The attention to detail starts with good horsemastership. Quality veterinary care, proper feeding and an on-going training program are the foundation. Correctly fitted equipment and good grooming are also necessary ingredients. In dressage the general appearance is much more important than in other equestrian disciplines. The horse and rider which are turned out immaculately, with everything gleaming and in place, make it hard for the judge not to give the benefit of the doubt to the combination which pleases his eye. Dressage is a performance, and, as such, competitors strive to look as beautiful as nature will allow.
Competitive dressage takes place in a 20x60-meter arena, with 12 lettered markers placed at specific points along the rail. Here, horse and rider perform a designated test, a series of movements for which the arena markers serve as reference points. No one seems to know the reason for the peculiar sequence of the letters or when their use was introduced to the sport.
There are different levels of tests in "international" dressage competition. In order of difficulty, they are, the Young Rider Tests, the Prix St. Georges, Intermediaire I, Intermediaire II and Grand Prix. Within the Grand Prix level are the Grand Prix, the Grand Prix Special and the Grand Prix Freestyle--a musical ride choreographed by the rider. Although certain movements must be performed and each performance has a time limit, the competitor can create a program which suits his or her horse and is especially pleasing to the eye.
It is these International tests where we see the most spectacular movements: Piaffe, the highly collected, elevated trot in place; Passage, the suspended trot in slow-motion; Pirouette, a rhythmic turning in place at the walk and canter; Half Pass, a forward and sideways movement at the trot or canter where the horse crosses his legs; Flying Change, a skipping type movement at the canter where the horse changes lead every fourth, third, second and finally at every stride.
It is important to understand that none of these movements are tricks, all are natural and performed by the horse at play. With careful training, the horse learns to duplicate these natural movements, willingly, on command, and with grace, while accommodating the weight of the rider. The trust and harmony which makes this possible are a tribute to the rider's ability and the horse's generosity.

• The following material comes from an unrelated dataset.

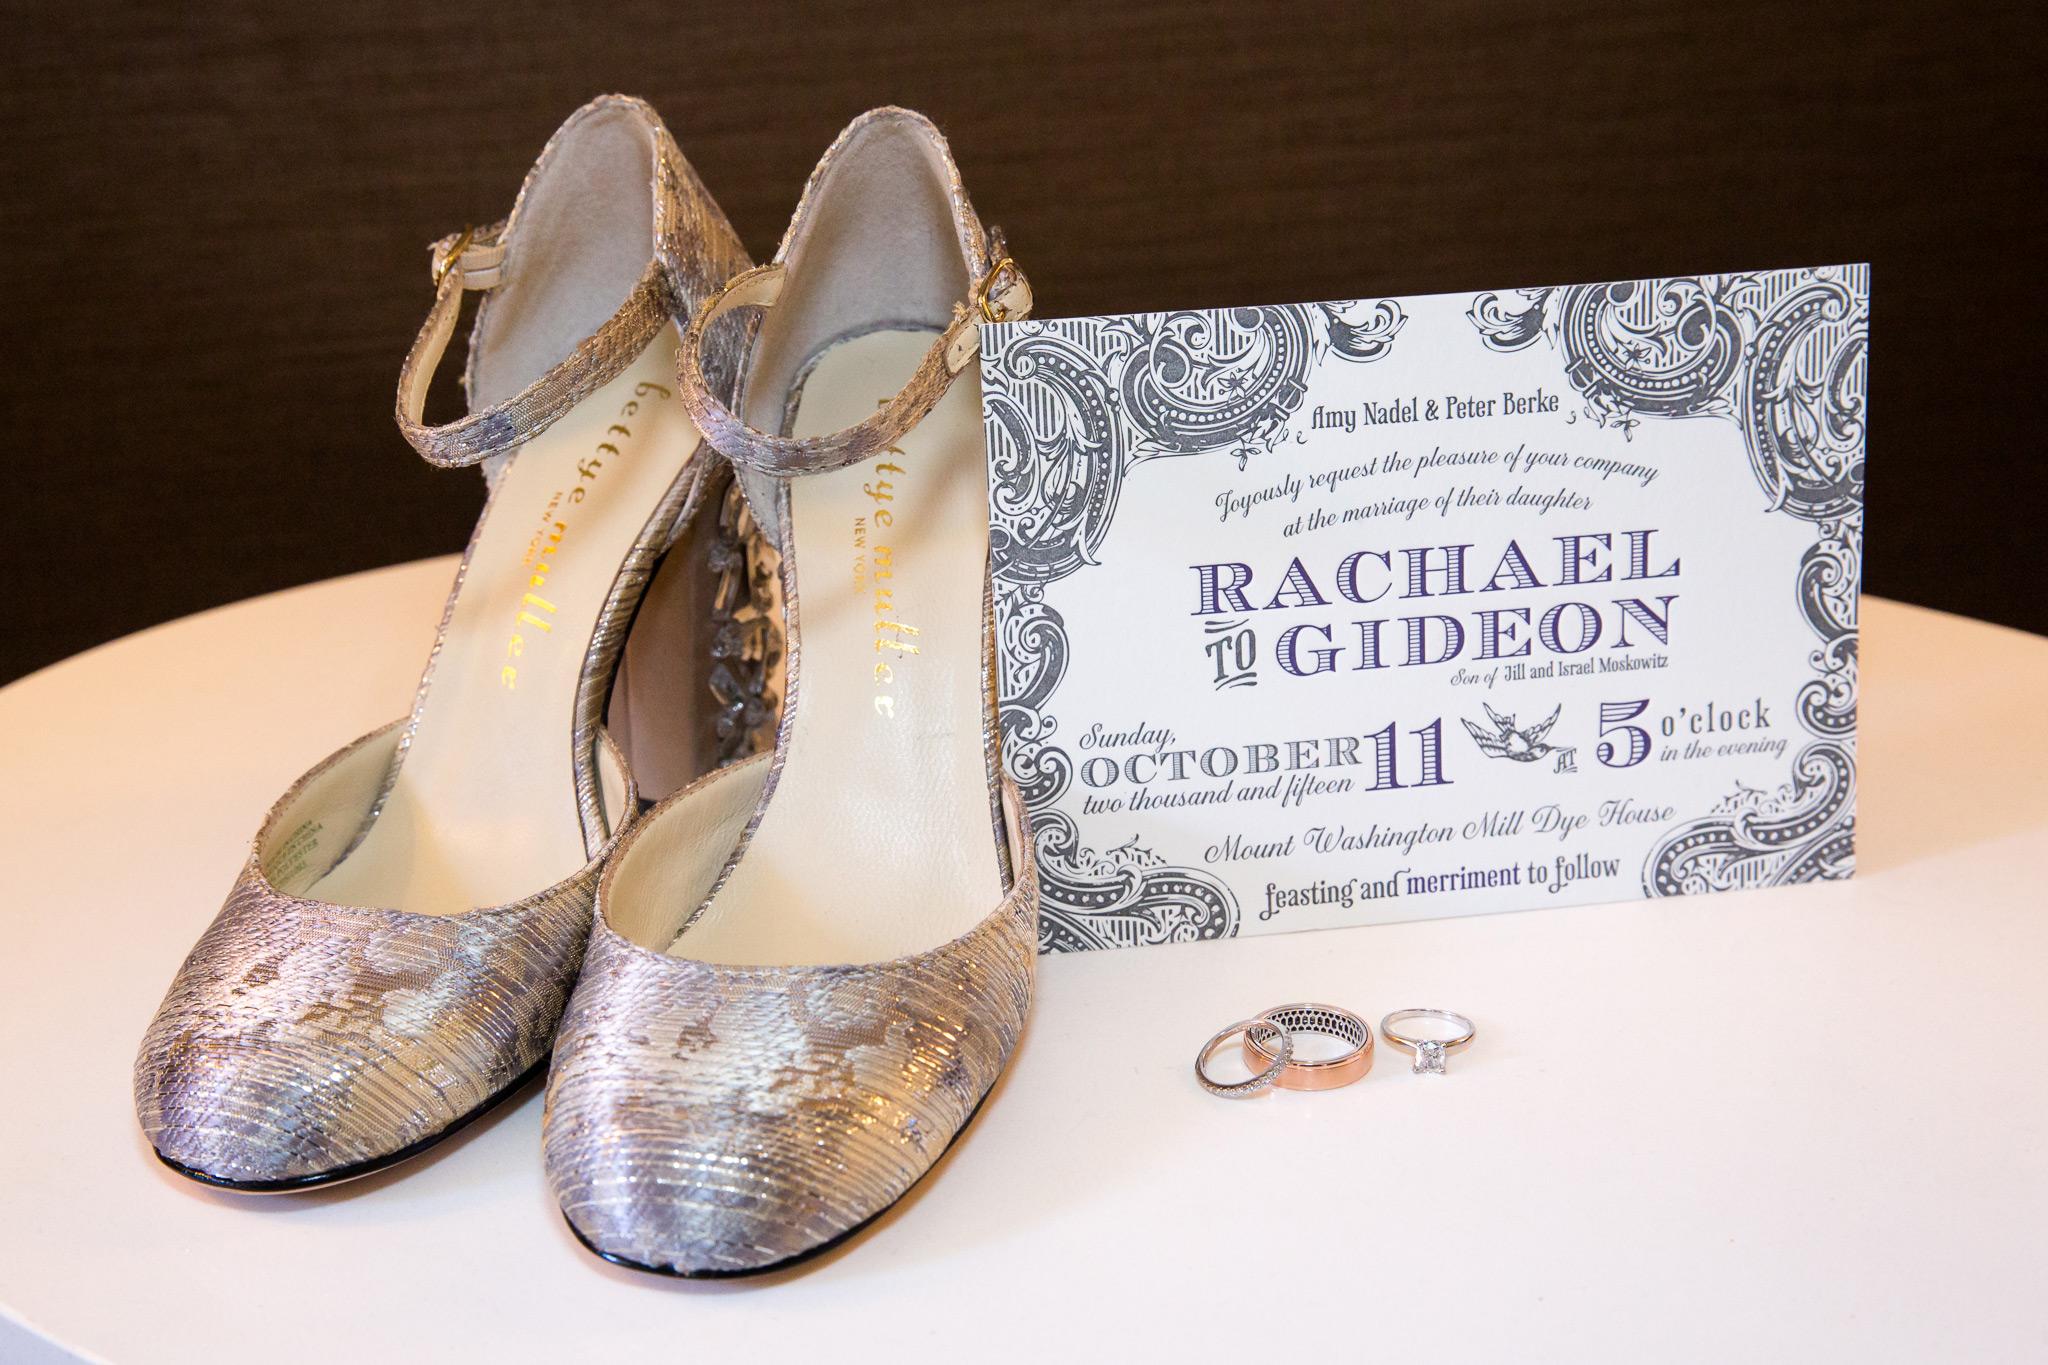 rachael-and-gideon-get-married-101115_8116_dkzak.jpg

One to five judges, positioned at specific locations around the arena, evaluate the performance from their different perspectives. Scores are awarded on a scale of zero (not executed) to 10 (excellent) for each movement, with some particularly difficult movements earning scores that are multiplied by two.
Spectators tend to base their judgements on general impressions--on how pleasing the performance was as a whole. The judges also take this into consideration when awarding the "collective marks" for paces, impulsion, submission and the rider's position. Scores are tallied and divided by the total possible, and the final score given as a percentage.

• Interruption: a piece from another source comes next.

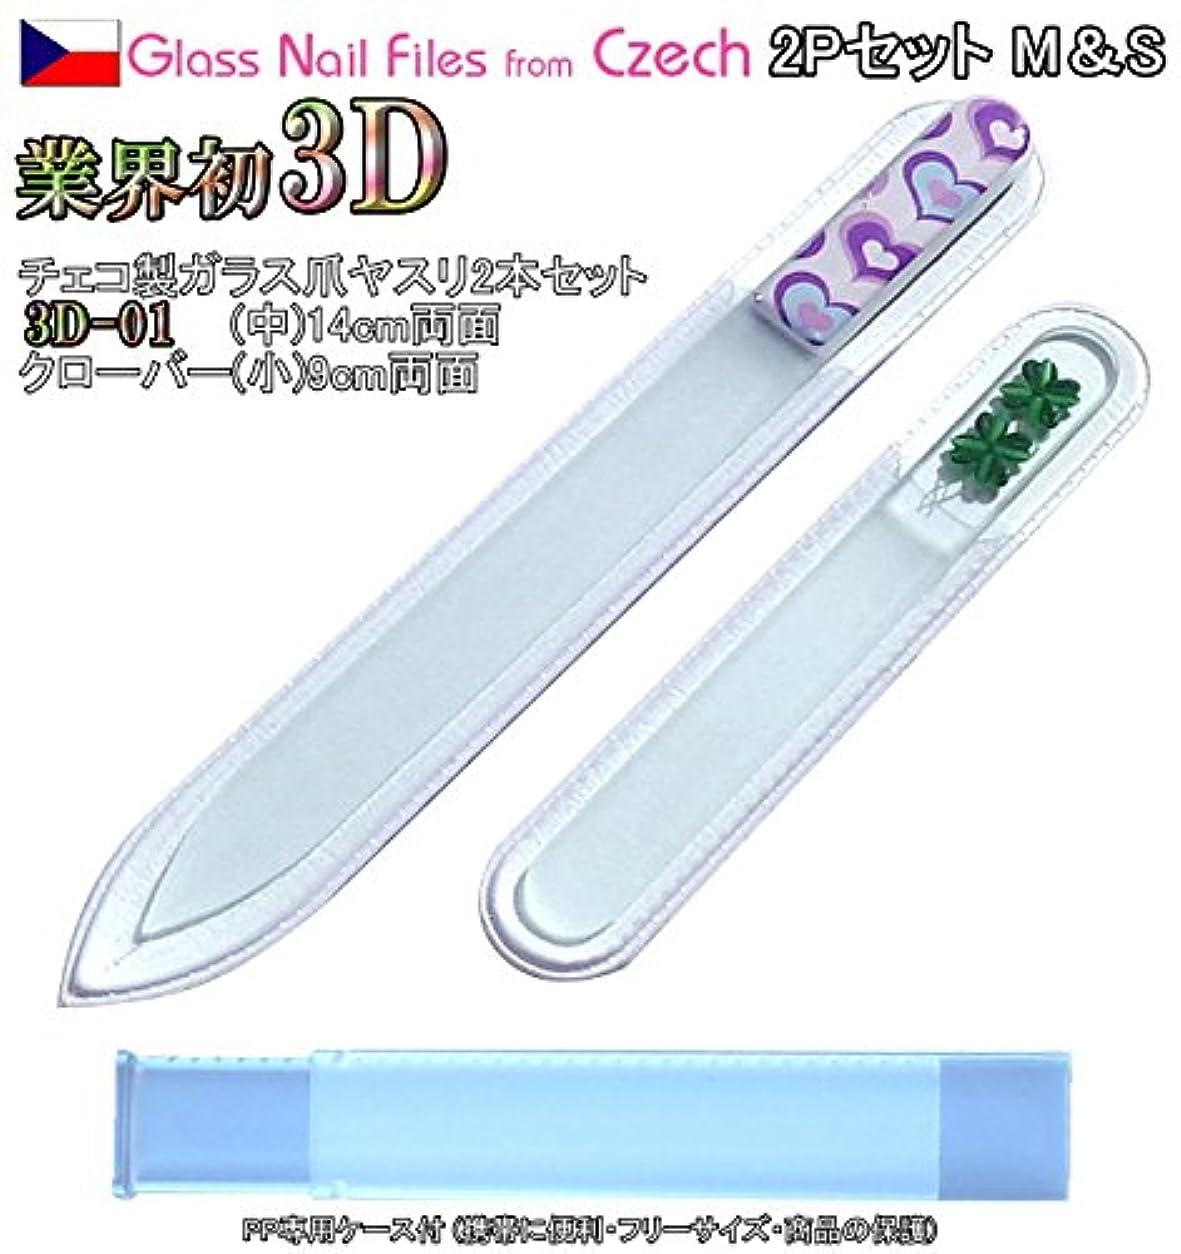 韓国語残忍なただやるBISON 3D チェコ製ガラス爪ヤスリ 2Pセット M01&Sクローバー各両面仕上げ ?専用ケース付

These final percentages are somewhat misleading; the winning score may only be a 63%. But keep in mind that the marks are given movement by movement, and are judged against a standard of absolute perfection. The greatest dressage riders in the world today can only hope to achieve a final score in the 70% range.
YOU BE THE JUDGE
As the test proceeds, how the horse moves on straight and curved lines is important. On the straight, the body should be straight with the hind feet following the same path as the fore feet. On turns and circles the horse's body should bend uniformly along the arc in order to create the same path with fore and hind feet. Circles should be round and smooth, turns should be even. Transitions between gaits should be smooth, and the horse should immediately establish a rhythm in the new gait.
When the horse extends or collects its gaits, there should be an obvious difference in the length of its stride. These are also transitions. During an extension, the horse's frame is lengthened and each stride should cover more ground. During a collected movement, the frame is shortened and each stride should cover less ground without any loss of impulsion or energy.

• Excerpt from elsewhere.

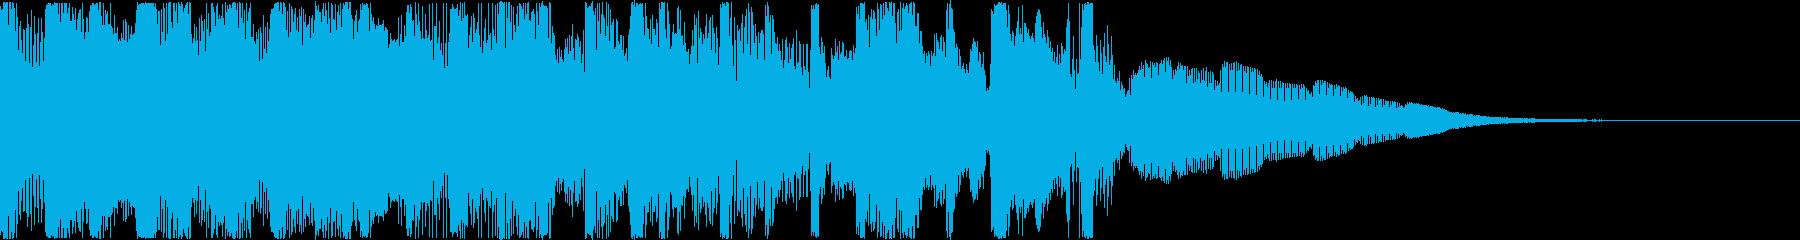 切なげなスローテンポのテクノの再生済みの波形

The horse should carry its head in a vertical position, indicating acceptance of the bit, continually feeling for the rider's aids. The horse travelling with its nose stiffly held out in front or over bent is not accepting the rider's hand.
The rider should maneuver the horse through the test without apparent effort, maintaining balance, with the upper body erect but supple and thighs and legs steady and stretched downward. The elbows should be held close to the body, thereby giving the rider the ability to follow the horse's movements and apply the aids imperceptibly.